I'm using the last four products from *here* and also Ebi-dama.

If you want I can make you a small envelope with a small amount of each one(in ziplock).


----------



## CrystalMethShrimp (Apr 27, 2010)

You can all list what you have on here and we can swap with each other. I'm basically looking to try:

-Mosura Crs Food
-Shirakura Regular
-Mosura Tonic Pro

thanks alex, but I've tried the bio brand and these days I prefer the Japanese ones above all else.


----------



## CrystalMethShrimp (Apr 27, 2010)

*bump*

Sorry I guess I wasn't to clear with the term "swap"

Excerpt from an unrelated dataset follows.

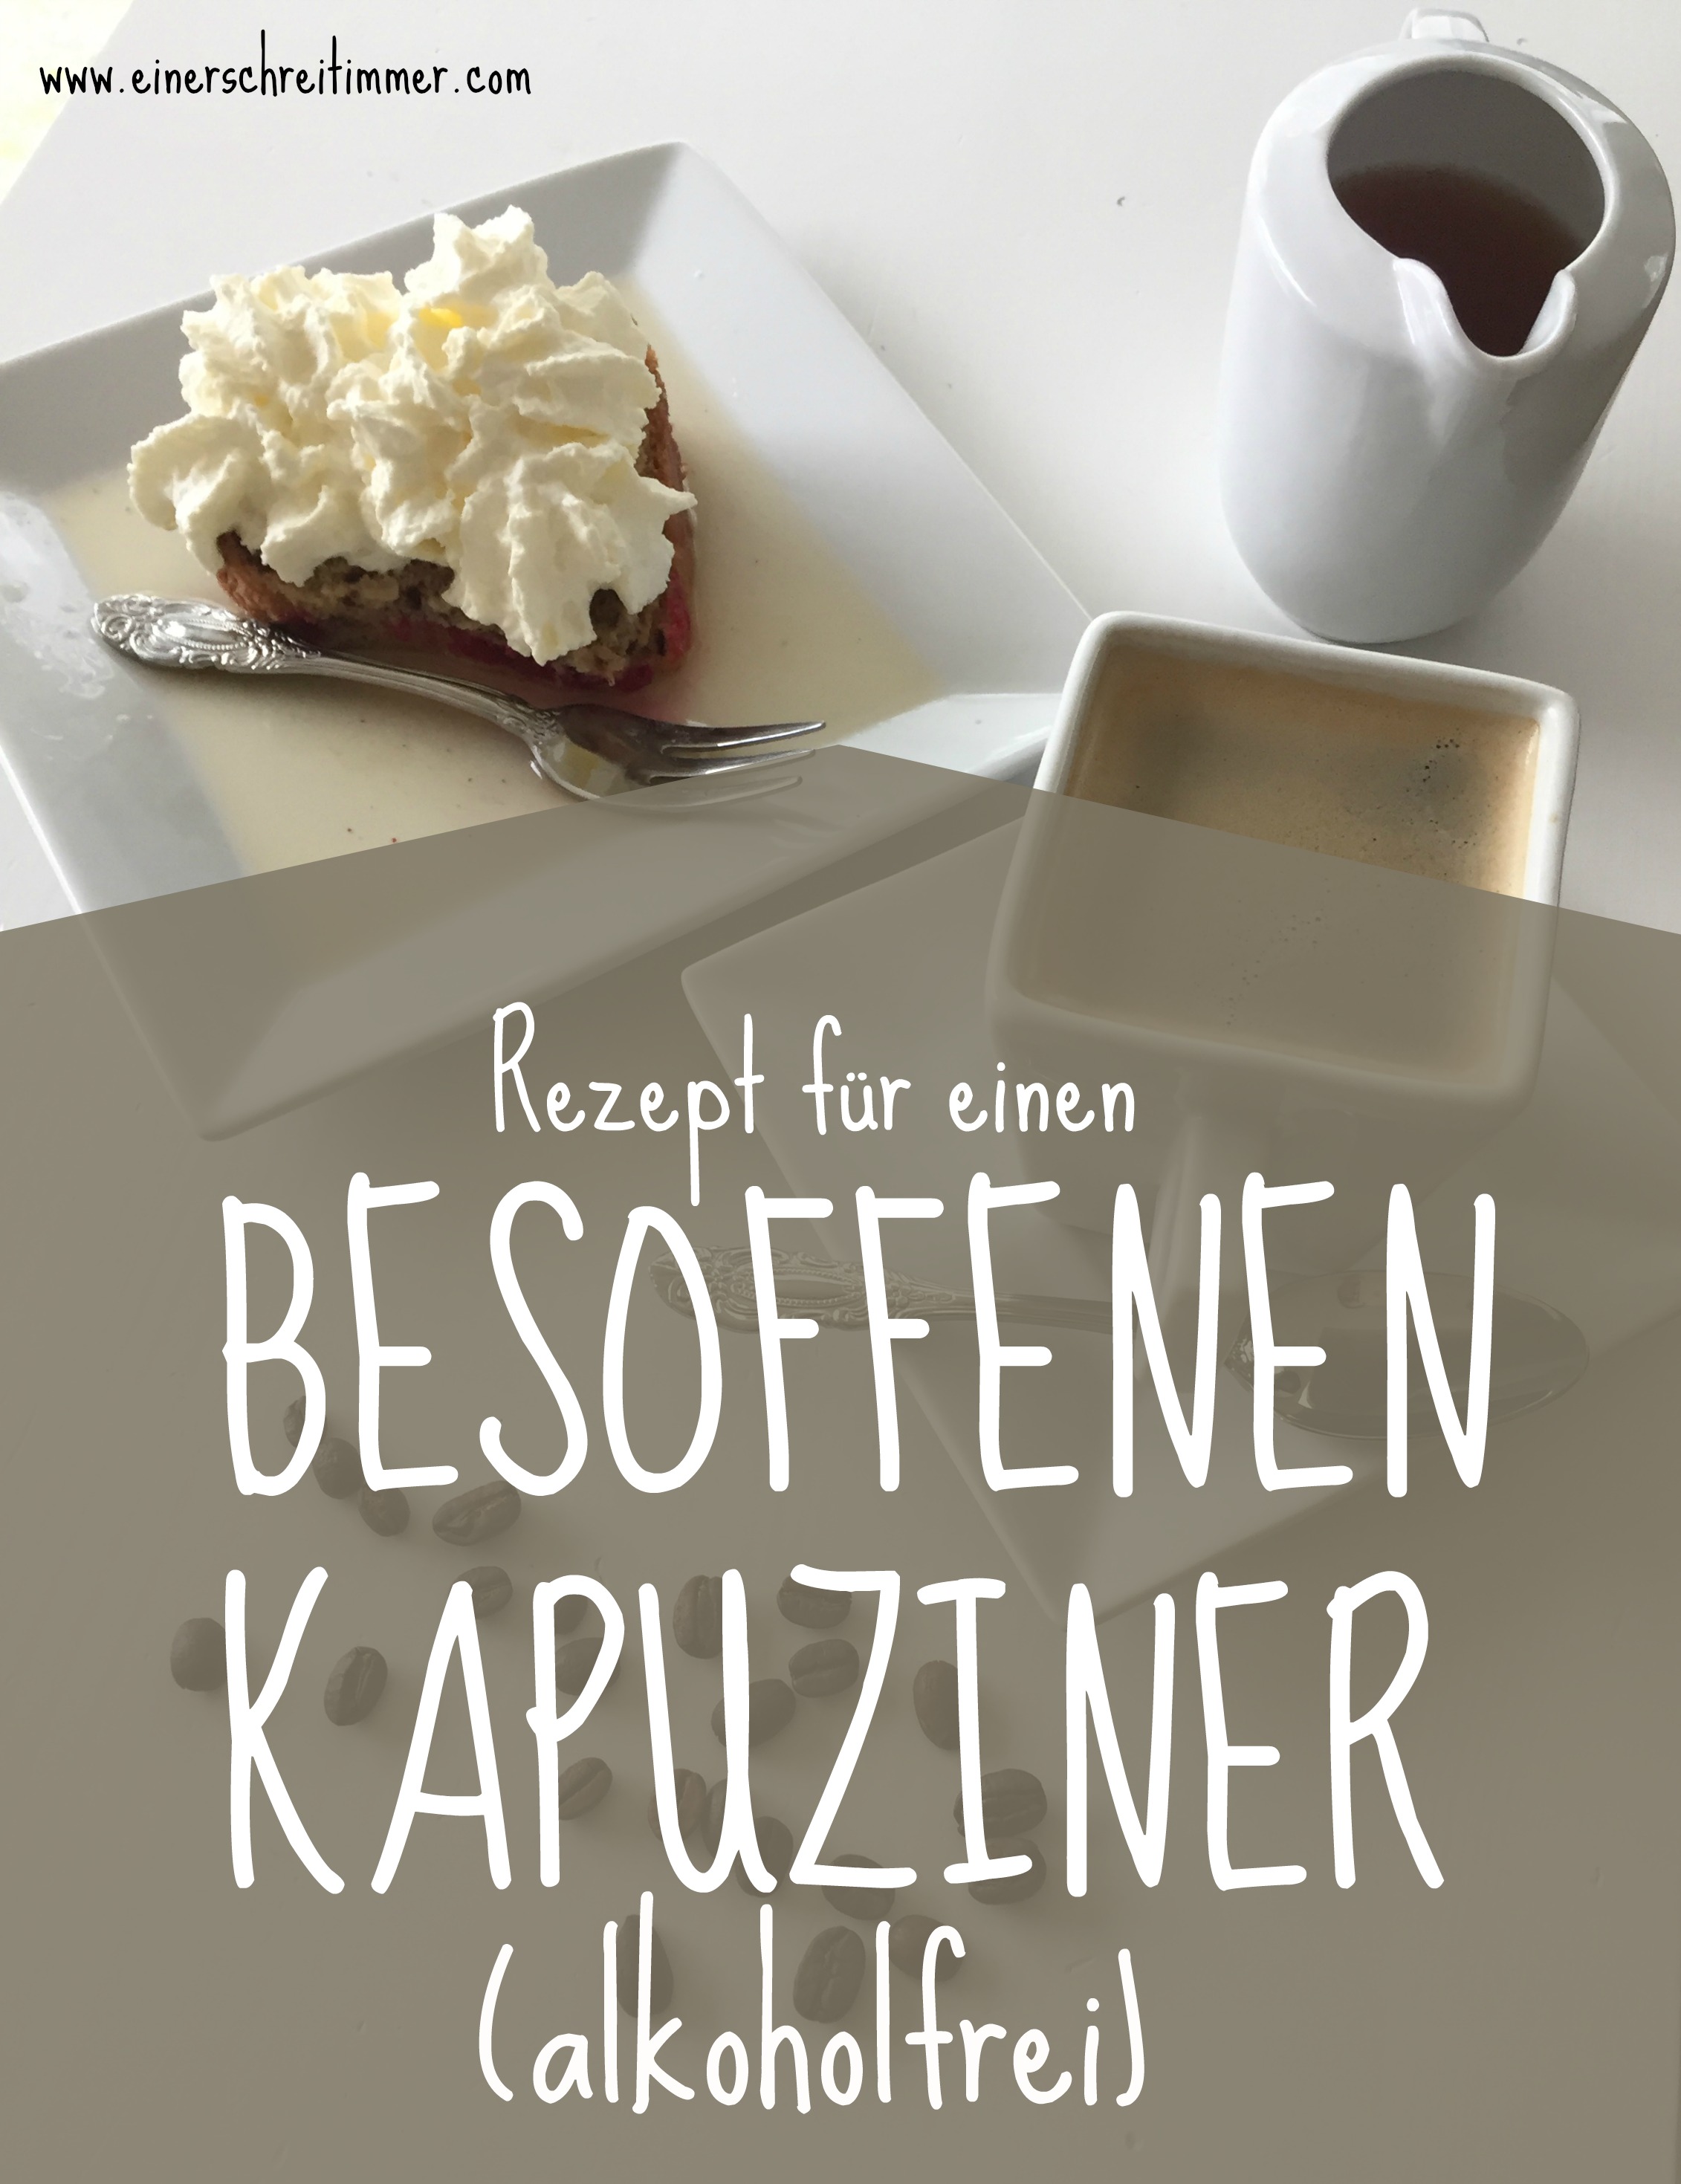 Rezept für einen "Besoffenen Kapuziner" - traditionelle österreichische Resteküche.

What I meant to say if anyone wanted to swap small samples of products.

Like 25% of a bottle of mosrua excel for 25% of shirakura food. Not entire bottles.


----------



## CrystalMethShrimp (Apr 27, 2010)

If anyone's interested I'm also putting together a combo sample pack as I have 3 years worth.

Shirakura special food
Hikari sinking wafer
Ebikuma-dango
Benibachi red bee ambitious
and .. Mosura Excel.

PM me if you want to buy a package.


----------



## getochkn (Jul 10, 2011)

Your inbox is full crystal. lol.


----------



## Alexpatrascu (Jun 13, 2010)

Alisa said:


> Very glad to see your posts, I understand your question,cheap tory burch
> cheap oakley sport sunglasses
> Green Weight Loss Tea
> Ralph Lauren Polo Shirts


Are you sure you wanted to post in this topic ?!?!?


----------